* Data in this exercise

☆ ☆ ☆ ☆ ☆ ☆ ☆

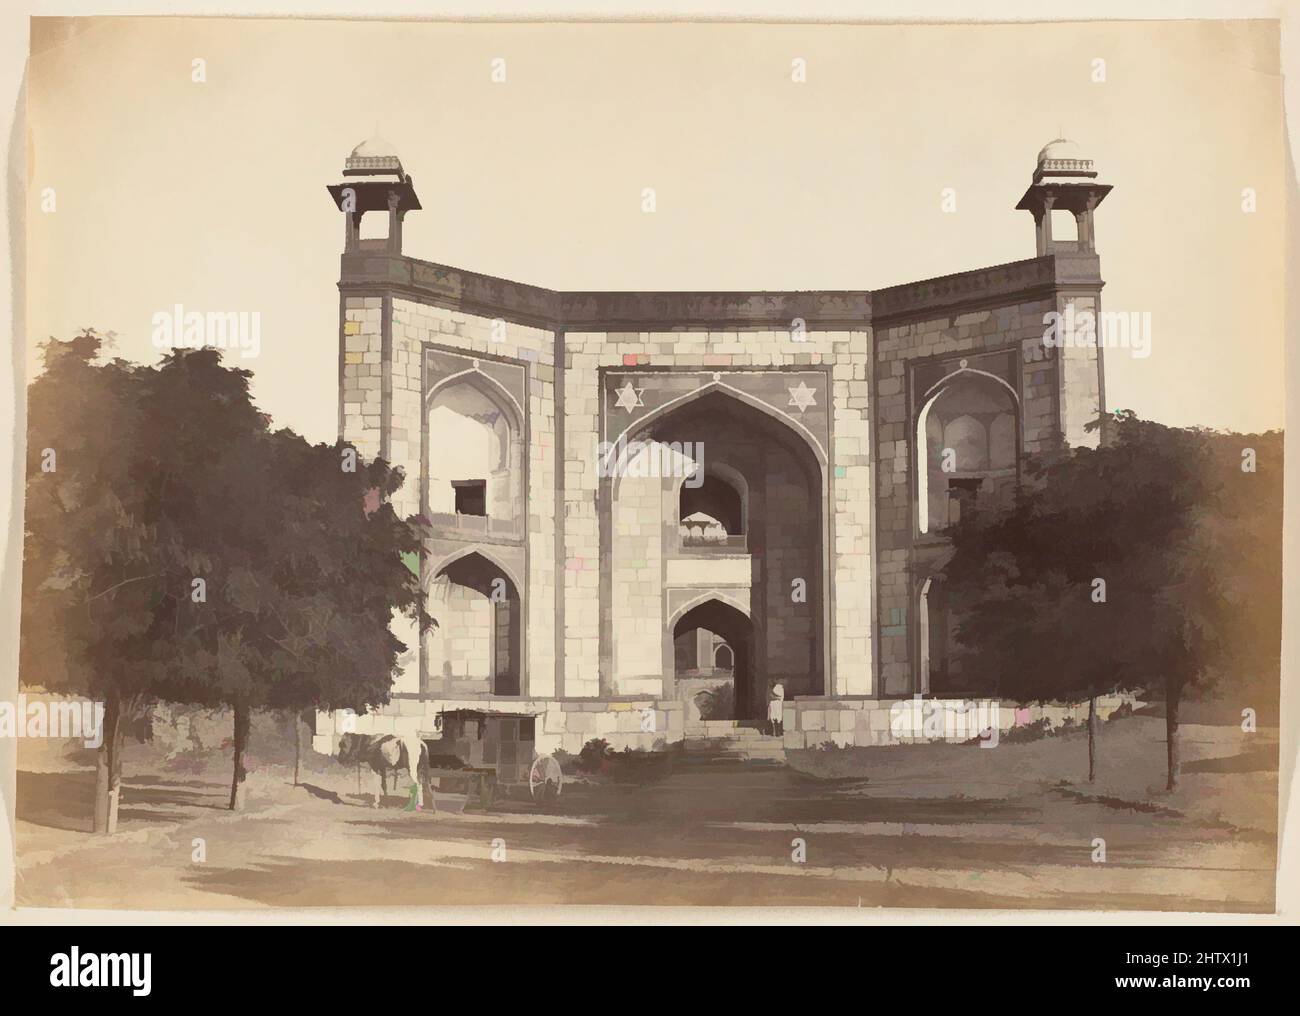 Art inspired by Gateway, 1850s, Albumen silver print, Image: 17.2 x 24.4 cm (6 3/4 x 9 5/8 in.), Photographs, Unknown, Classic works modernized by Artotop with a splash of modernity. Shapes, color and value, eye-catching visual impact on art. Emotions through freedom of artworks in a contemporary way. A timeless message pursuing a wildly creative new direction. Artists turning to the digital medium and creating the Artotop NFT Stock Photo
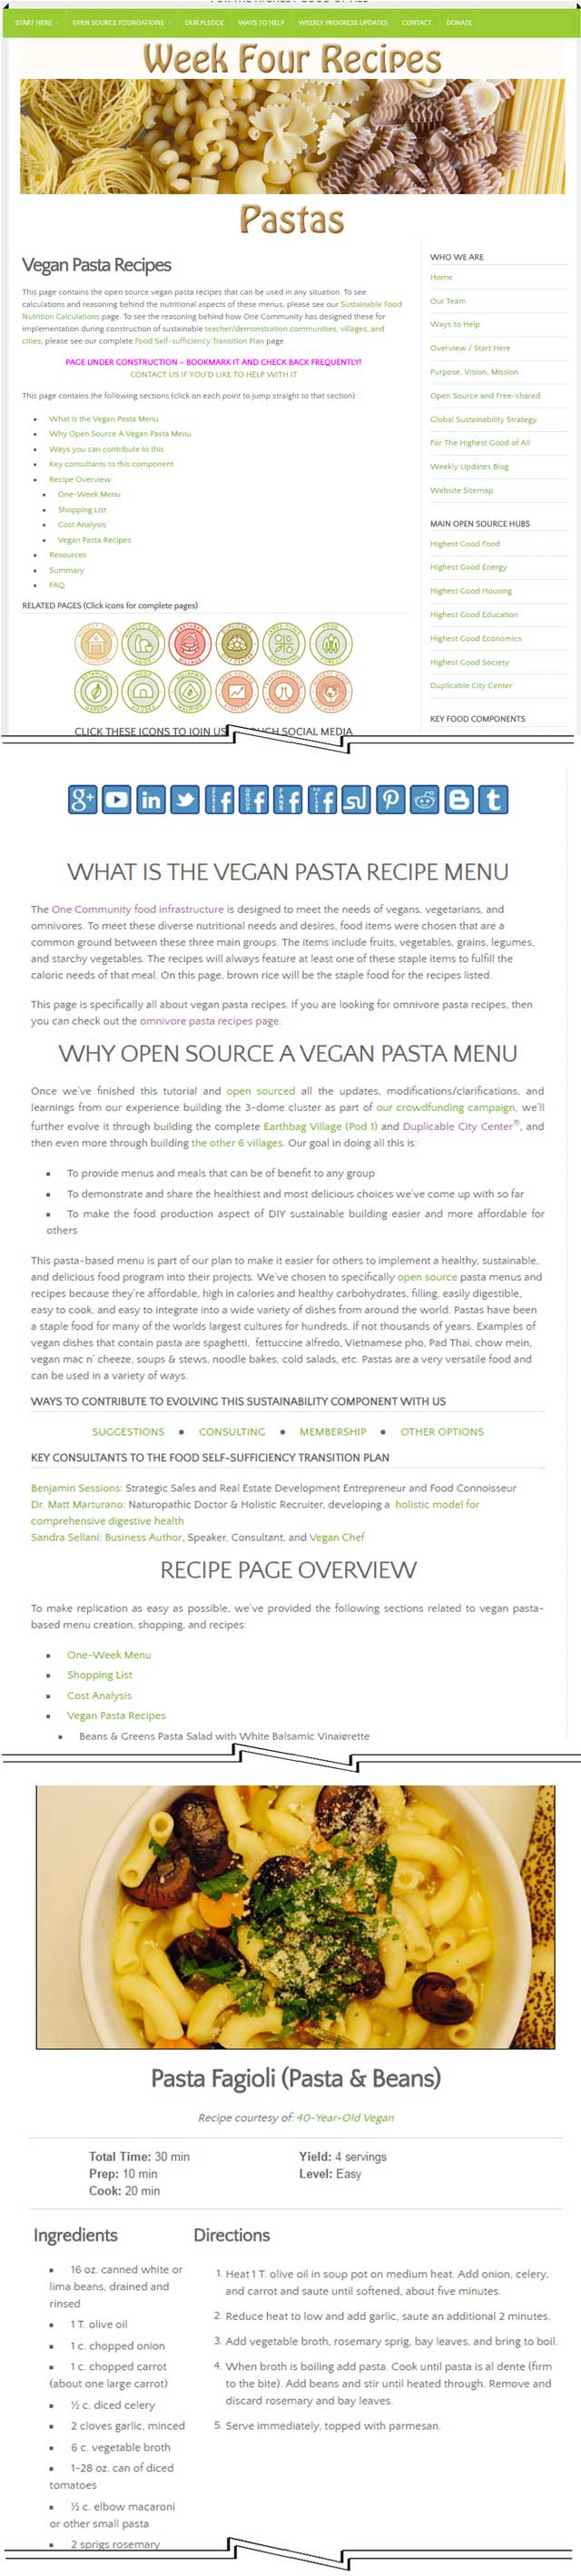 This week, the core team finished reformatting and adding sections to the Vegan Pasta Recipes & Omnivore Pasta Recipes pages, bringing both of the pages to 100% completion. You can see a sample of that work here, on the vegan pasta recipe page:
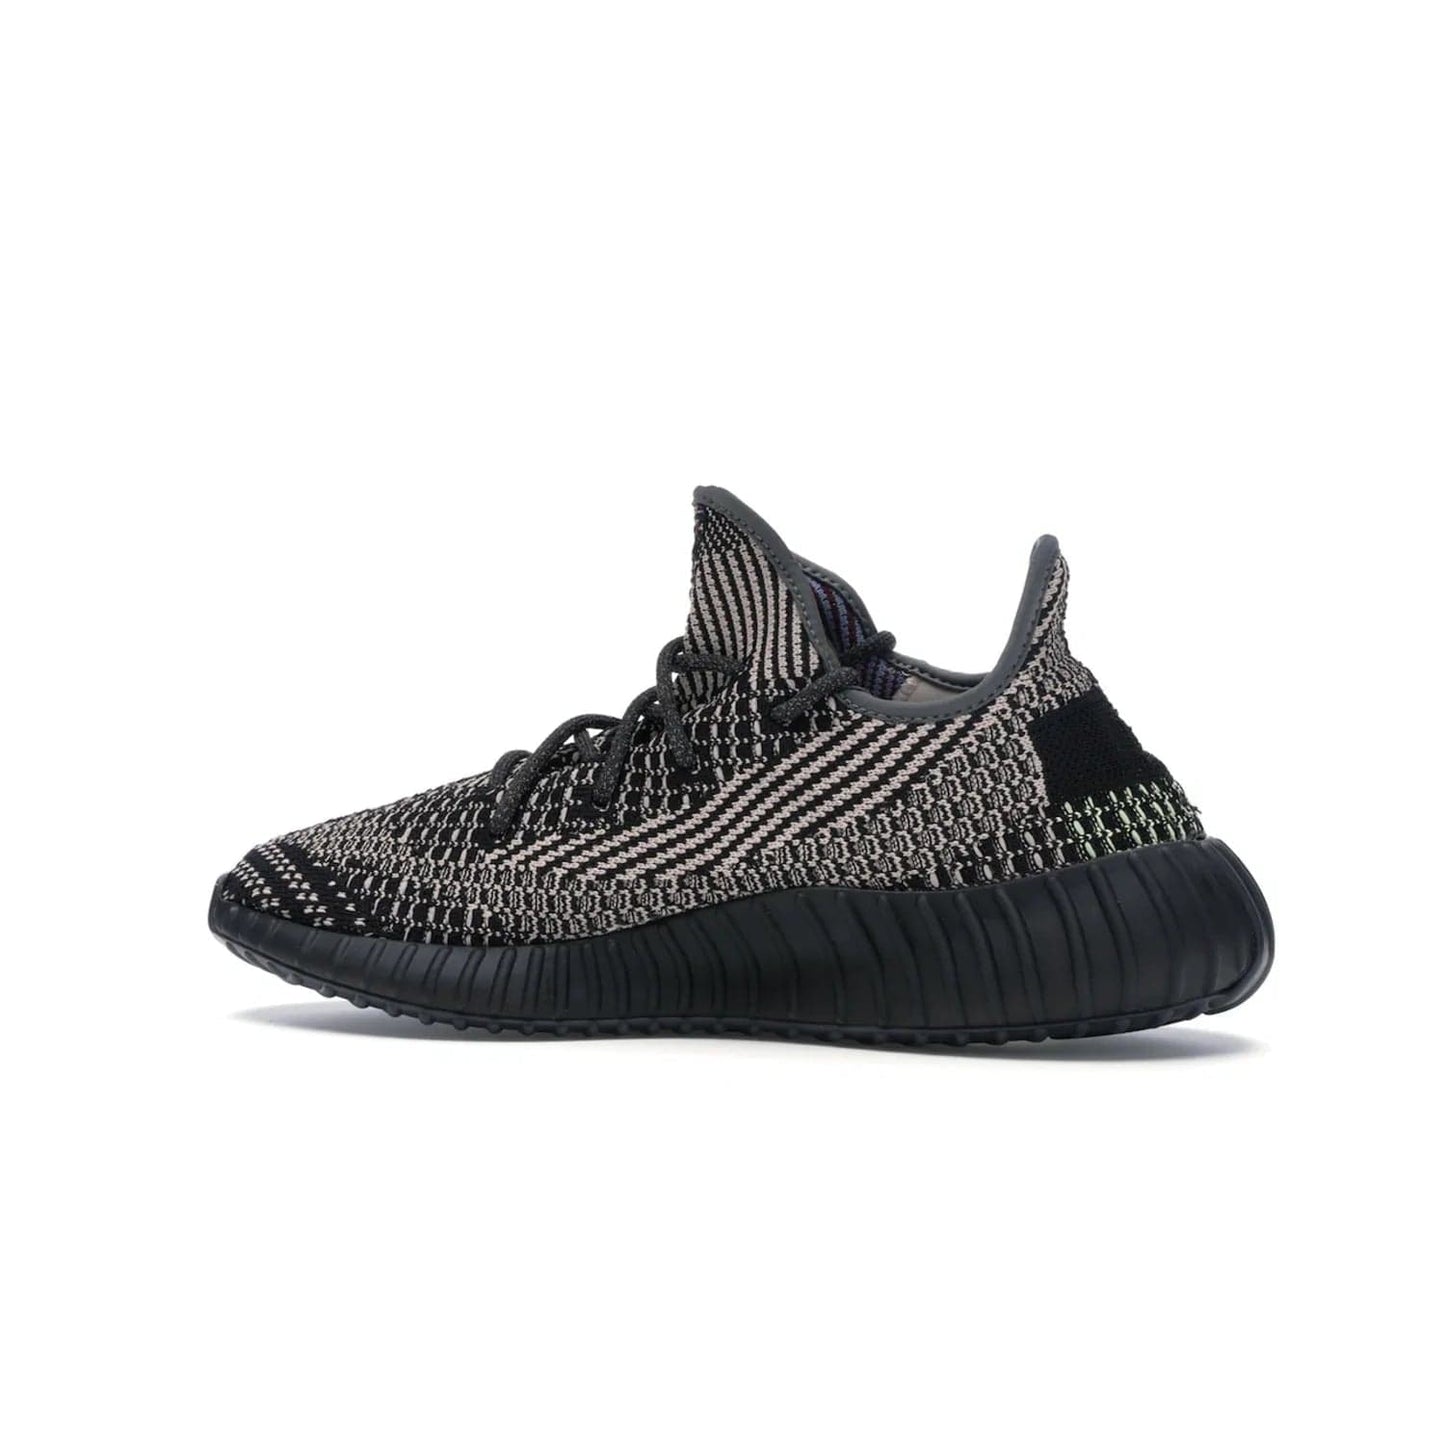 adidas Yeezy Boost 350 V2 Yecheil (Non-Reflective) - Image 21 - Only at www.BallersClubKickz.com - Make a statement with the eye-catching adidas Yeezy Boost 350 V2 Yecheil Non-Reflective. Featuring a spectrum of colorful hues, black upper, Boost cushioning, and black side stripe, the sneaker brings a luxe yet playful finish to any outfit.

☆ ☆ ☆ ☆ ☆ ☆ ☆

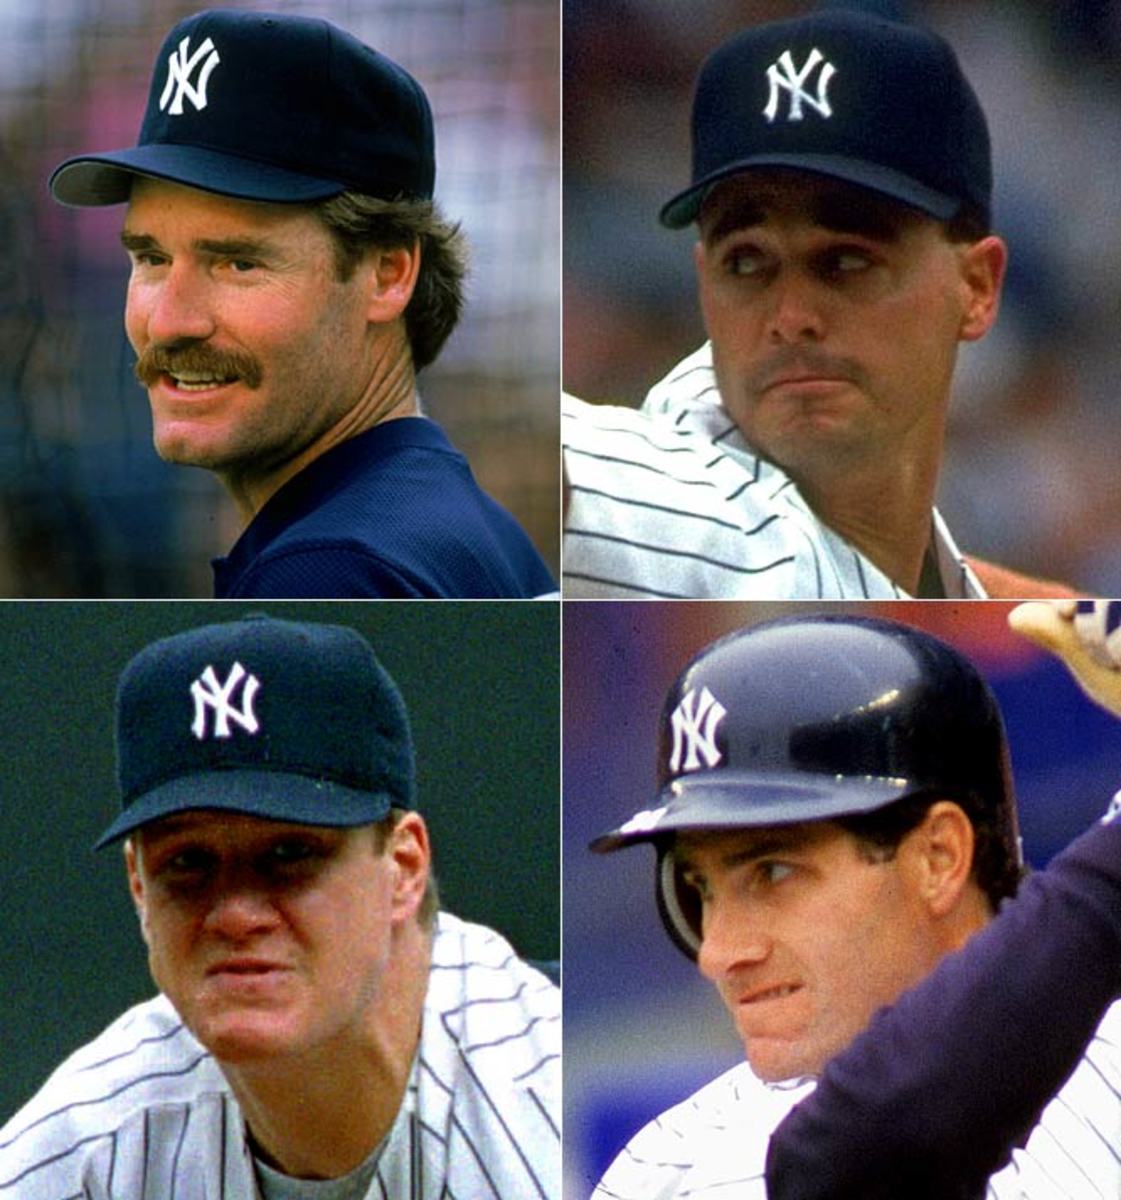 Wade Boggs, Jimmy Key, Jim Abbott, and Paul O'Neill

☆ ☆ ☆ ☆ ☆ ☆ ☆

Once the line with "Art inspired by" is found above, print it and every line after it through the line with "adidas Yeezy Boost 350 V2 Yecheil (Non-Reflective)", exactly. Pictures stay out.

* Exercise answer
 Art inspired by Gateway, 1850s, Albumen silver print, Image: 17.2 x 24.4 cm (6 3/4 x 9 5/8 in.), Photographs, Unknown, Classic works modernized by Artotop with a splash of modernity. Shapes, color and value, eye-catching visual impact on art. Emotions through freedom of artworks in a contemporary way. A timeless message pursuing a wildly creative new direction. Artists turning to the digital medium and creating the Artotop NFT Stock Photo
 This week, the core team finished reformatting and adding sections to the Vegan Pasta Recipes & Omnivore Pasta Recipes pages, bringing both of the pages to 100% completion. You can see a sample of that work here, on the vegan pasta recipe page:
 adidas Yeezy Boost 350 V2 Yecheil (Non-Reflective) - Image 21 - Only at www.BallersClubKickz.com - Make a statement with the eye-catching adidas Yeezy Boost 350 V2 Yecheil Non-Reflective. Featuring a spectrum of colorful hues, black upper, Boost cushioning, and black side stripe, the sneaker brings a luxe yet playful finish to any outfit.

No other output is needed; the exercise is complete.